### RECORDED INFORMATION:
----

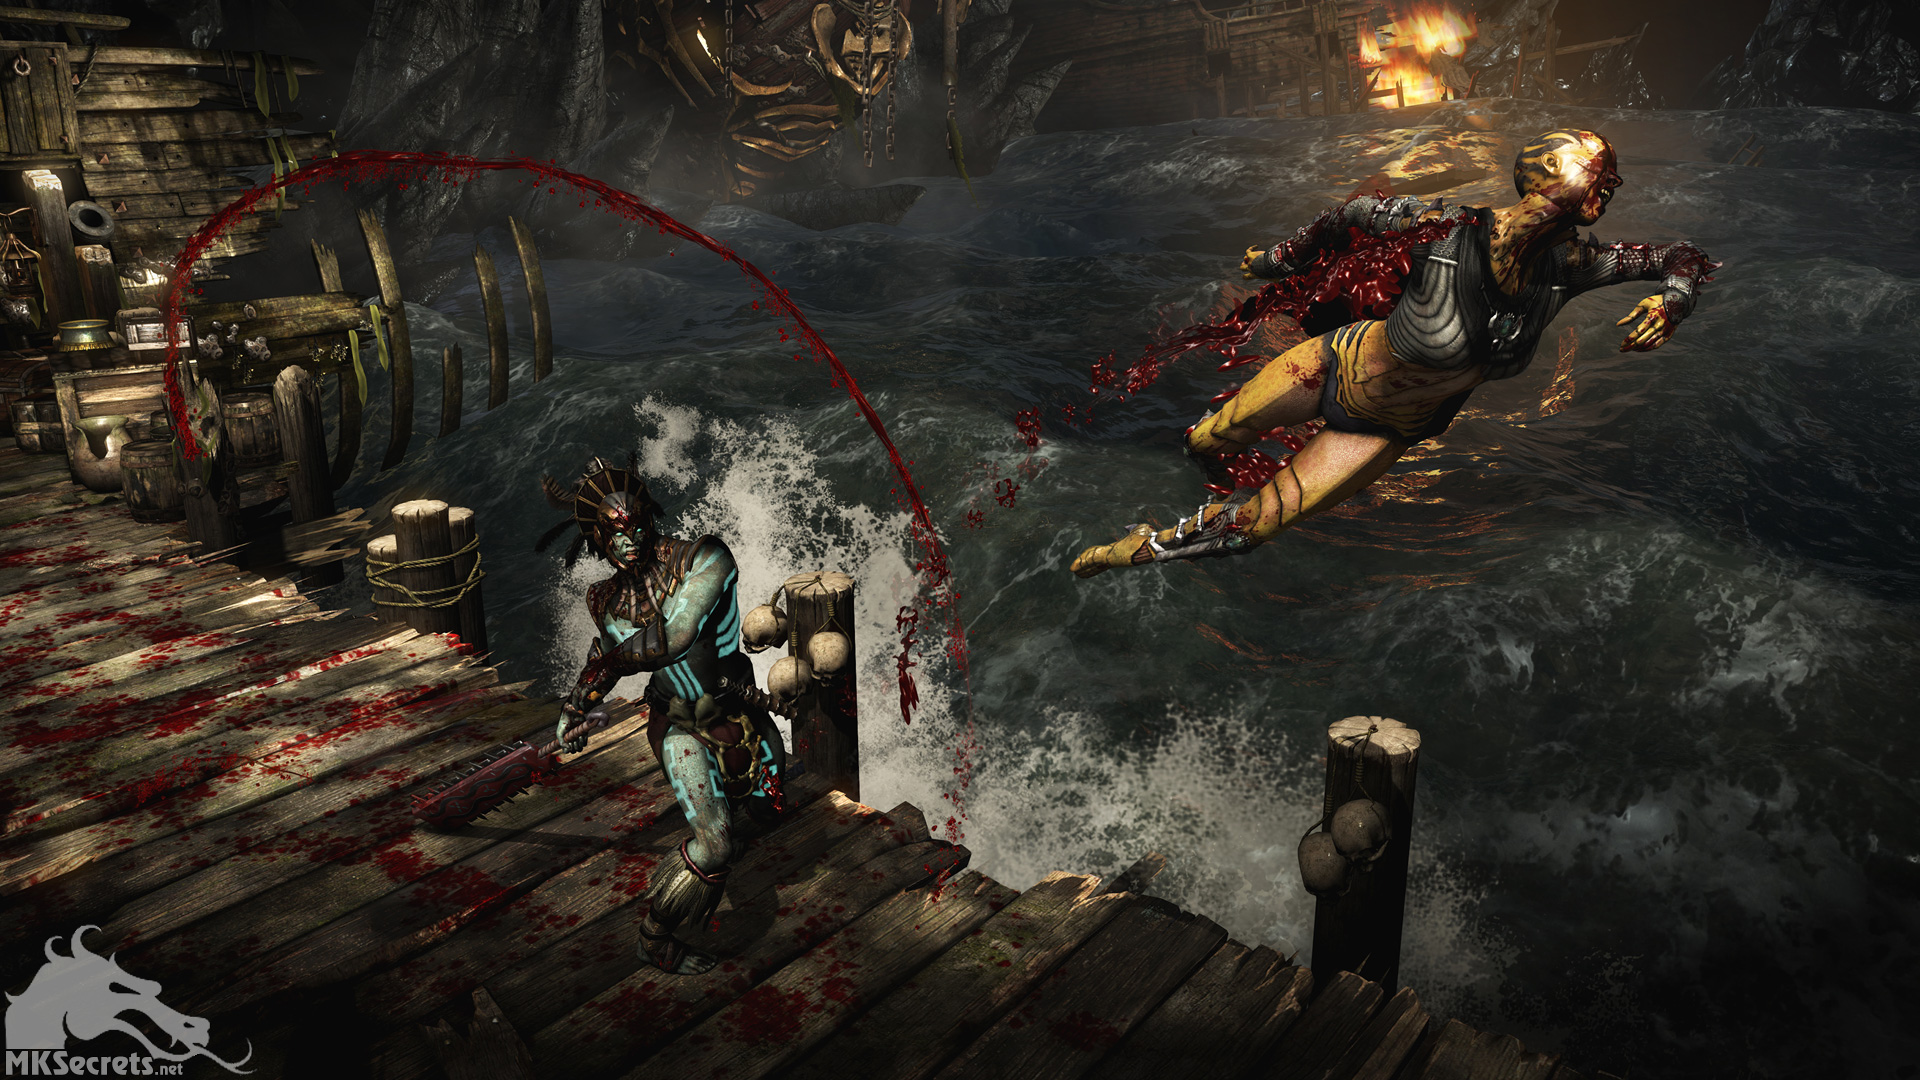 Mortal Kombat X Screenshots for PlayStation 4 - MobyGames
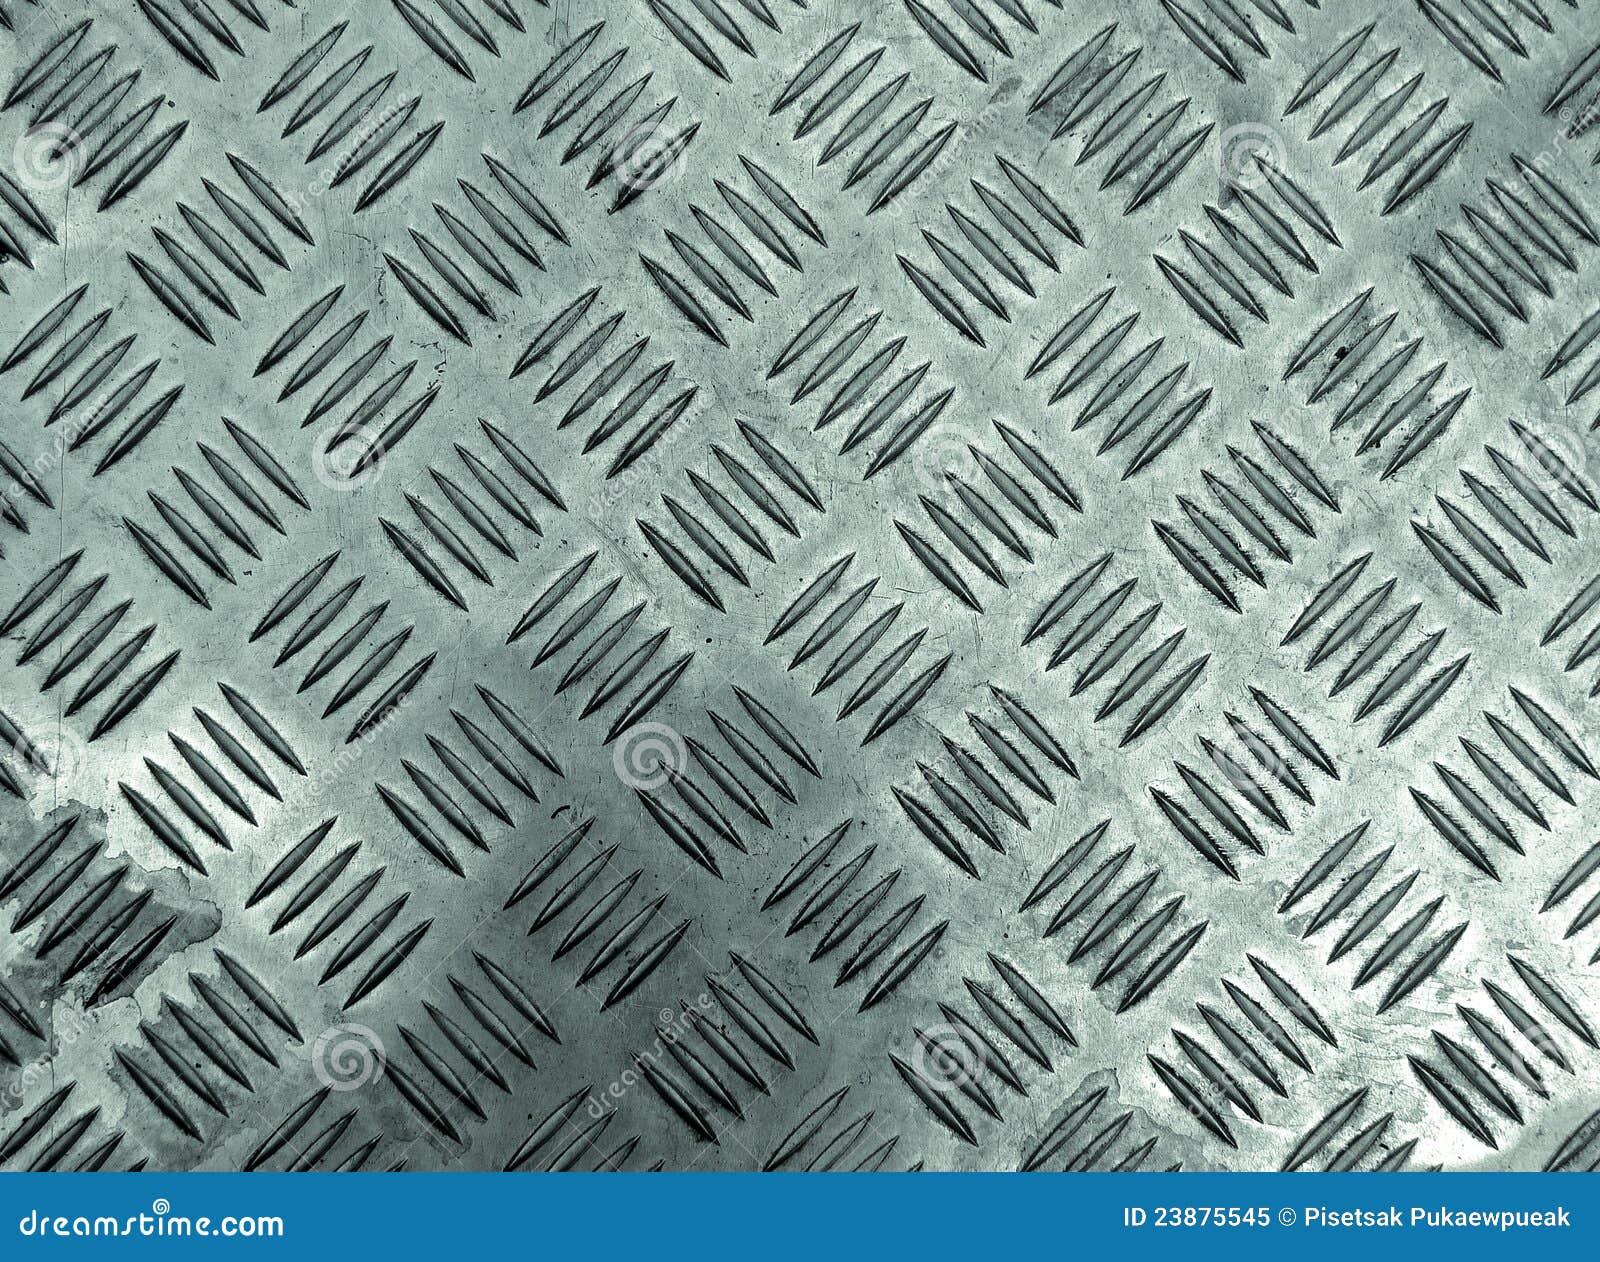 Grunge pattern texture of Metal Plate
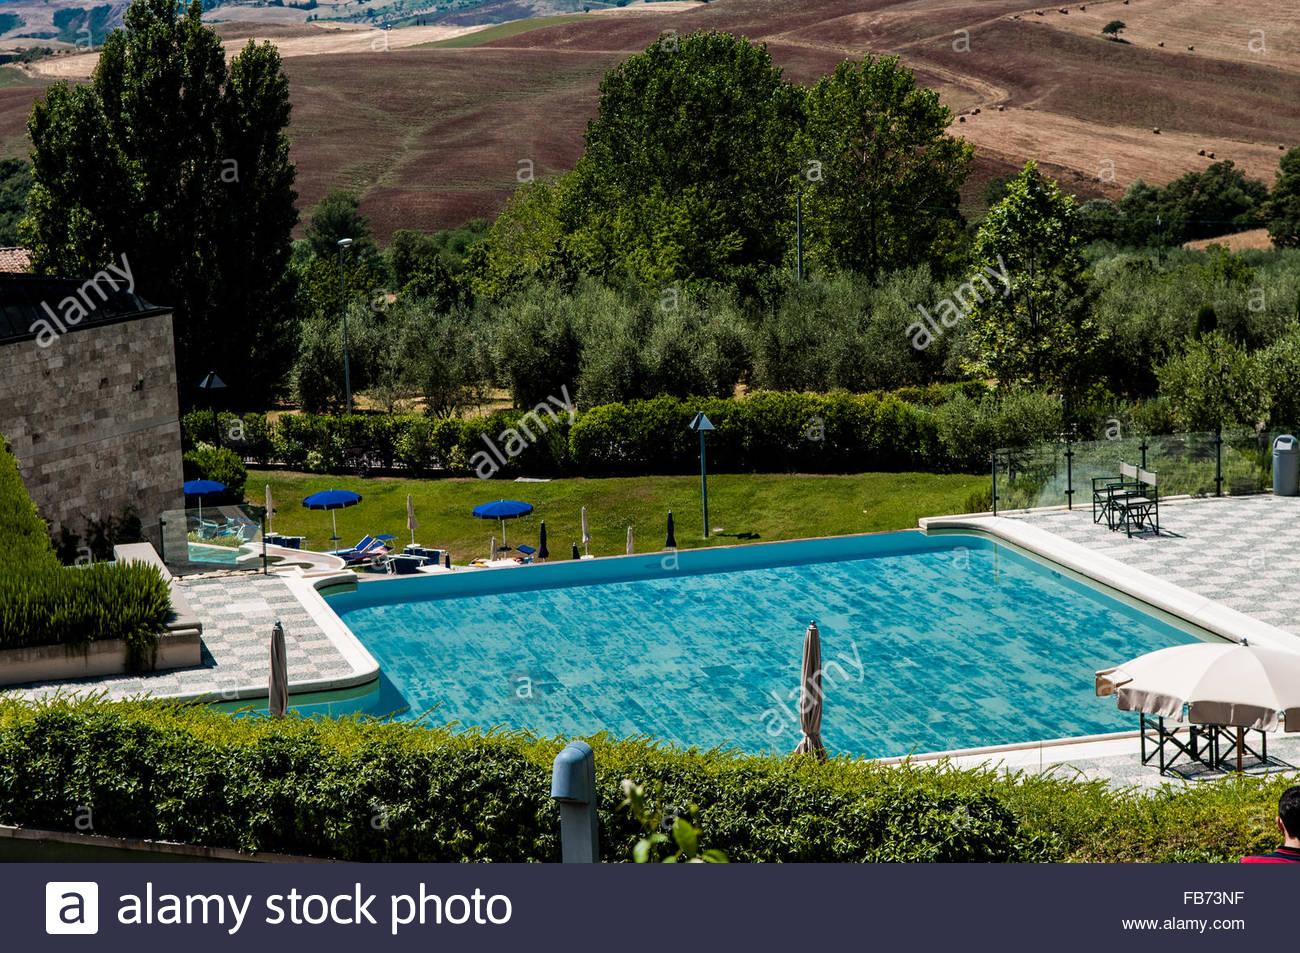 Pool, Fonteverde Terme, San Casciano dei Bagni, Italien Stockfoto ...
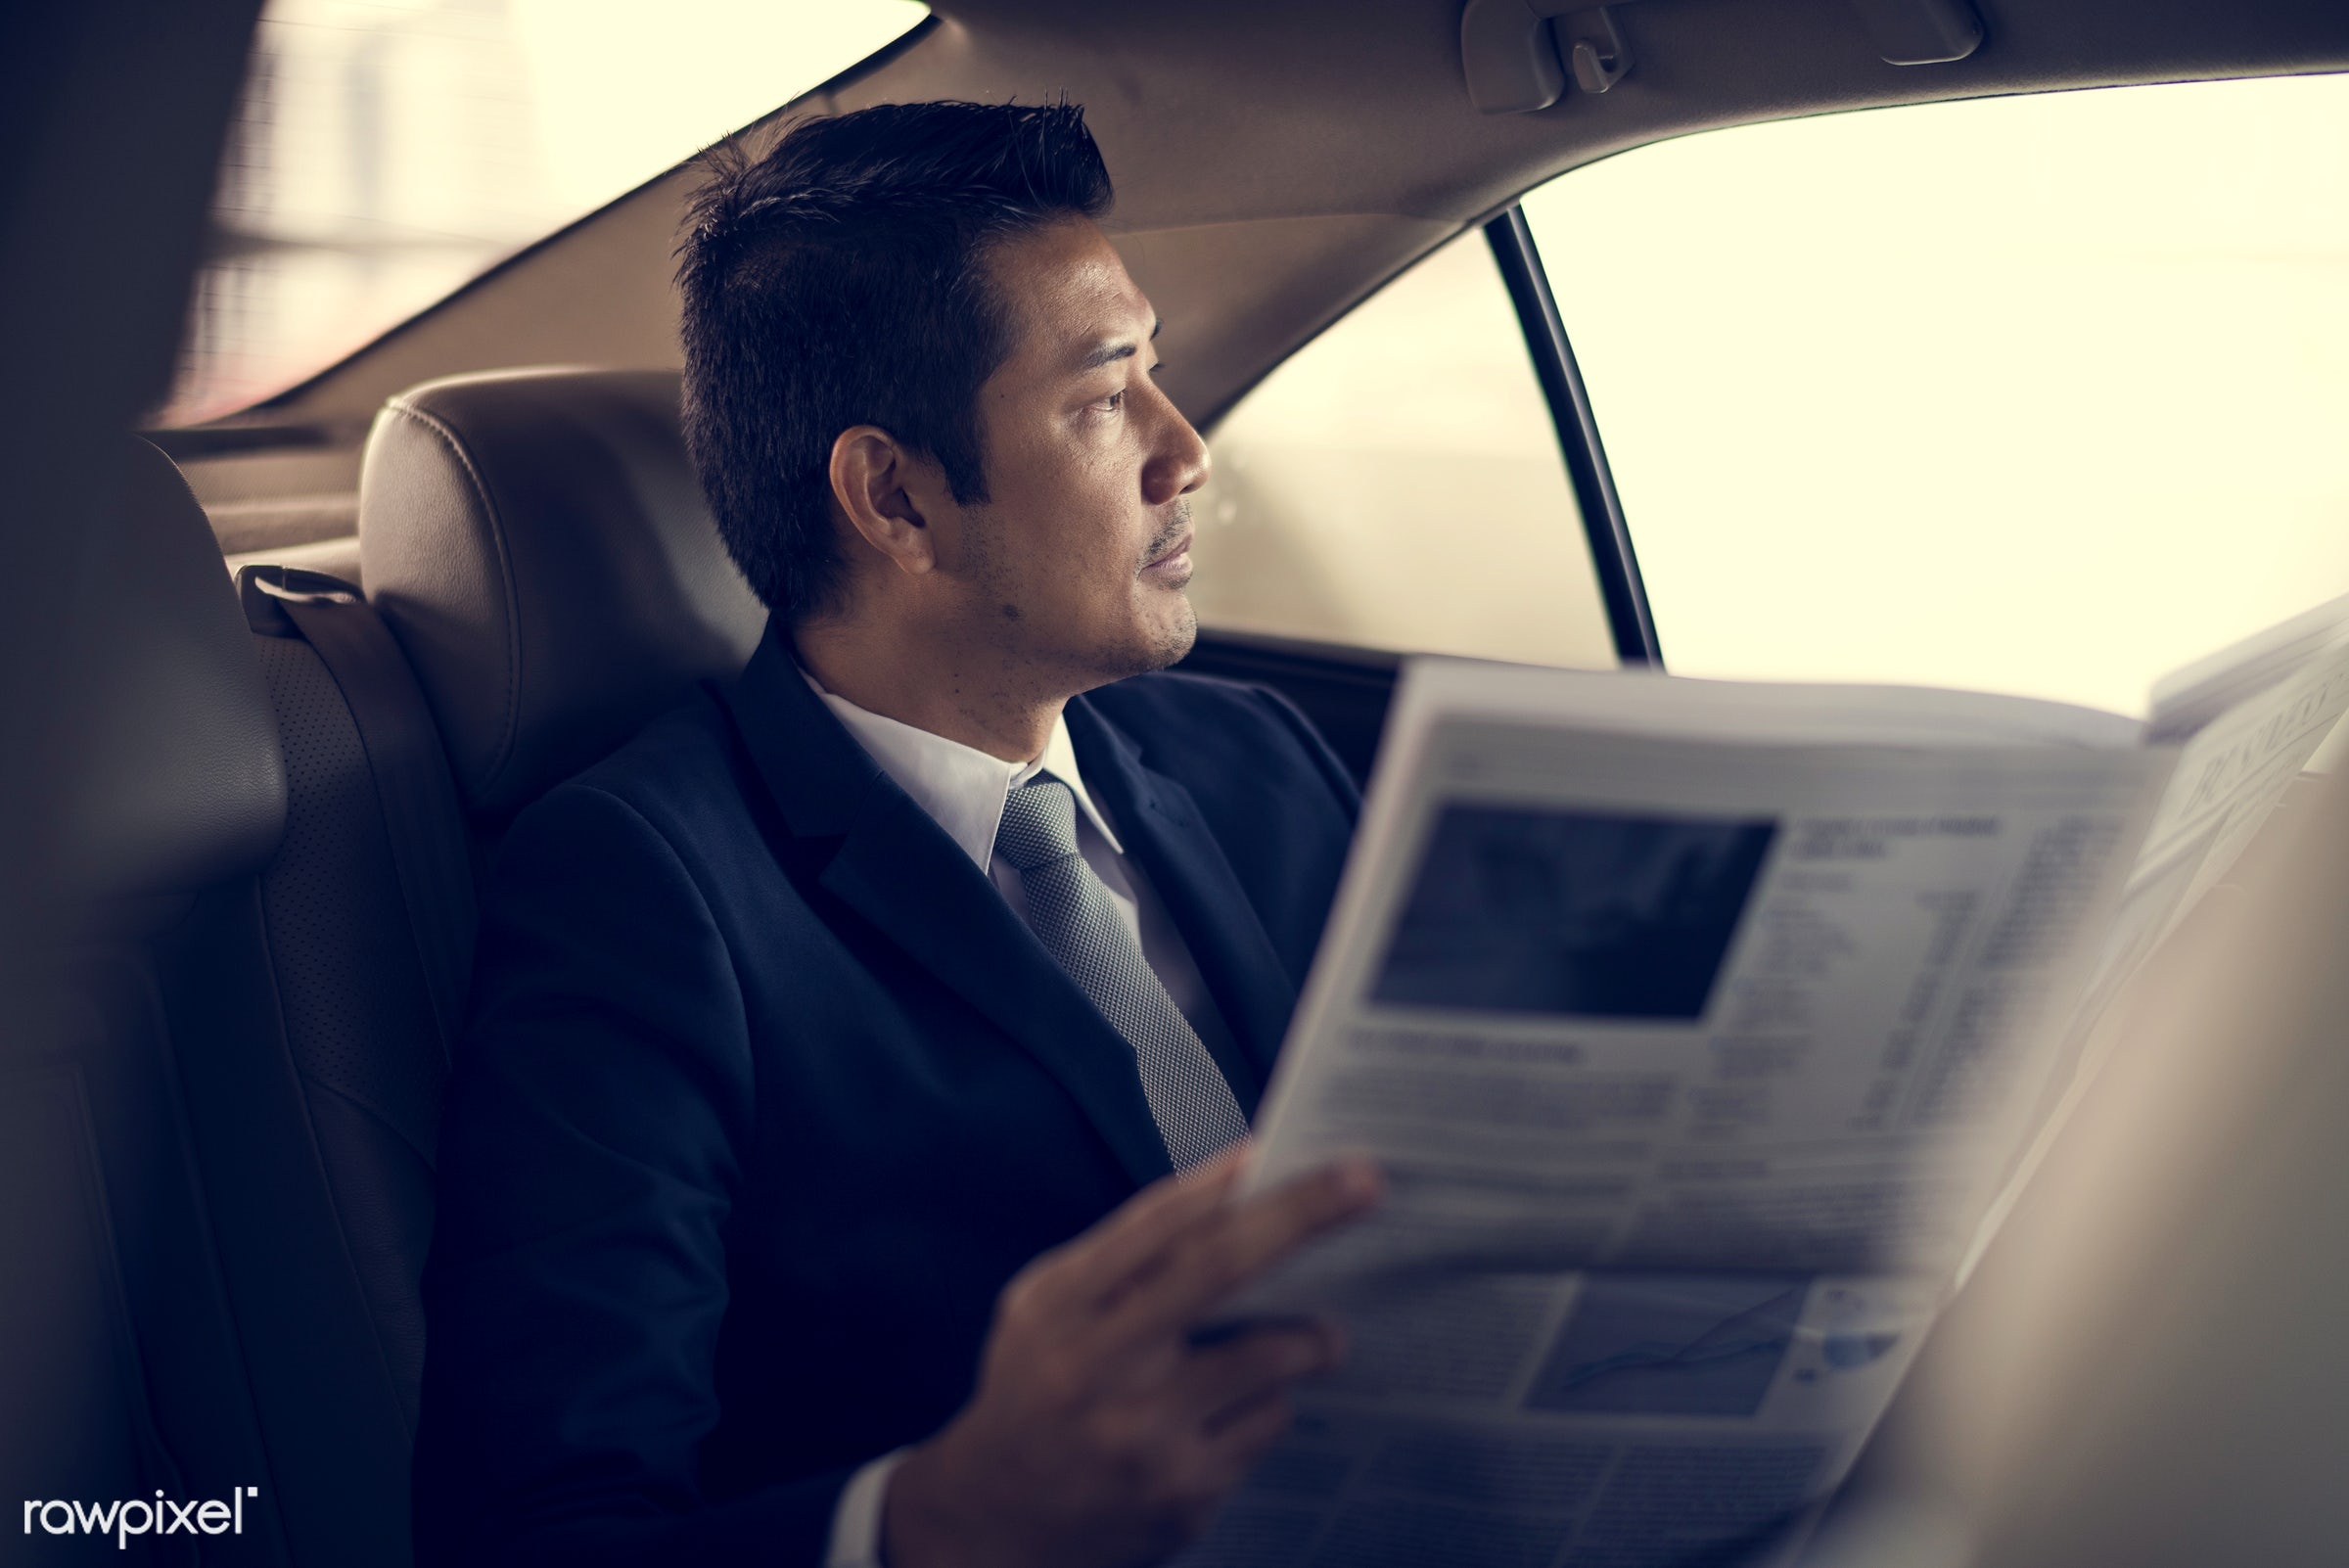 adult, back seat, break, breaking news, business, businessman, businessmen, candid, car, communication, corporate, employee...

----

Apart from the pictures, every line above must be repeated exactly.

### RESULT FOR THIS TASK:
 Mortal Kombat X Screenshots for PlayStation 4 - MobyGames
 Grunge pattern texture of Metal Plate
 Pool, Fonteverde Terme, San Casciano dei Bagni, Italien Stockfoto ...
 adult, back seat, break, breaking news, business, businessman, businessmen, candid, car, communication, corporate, employee...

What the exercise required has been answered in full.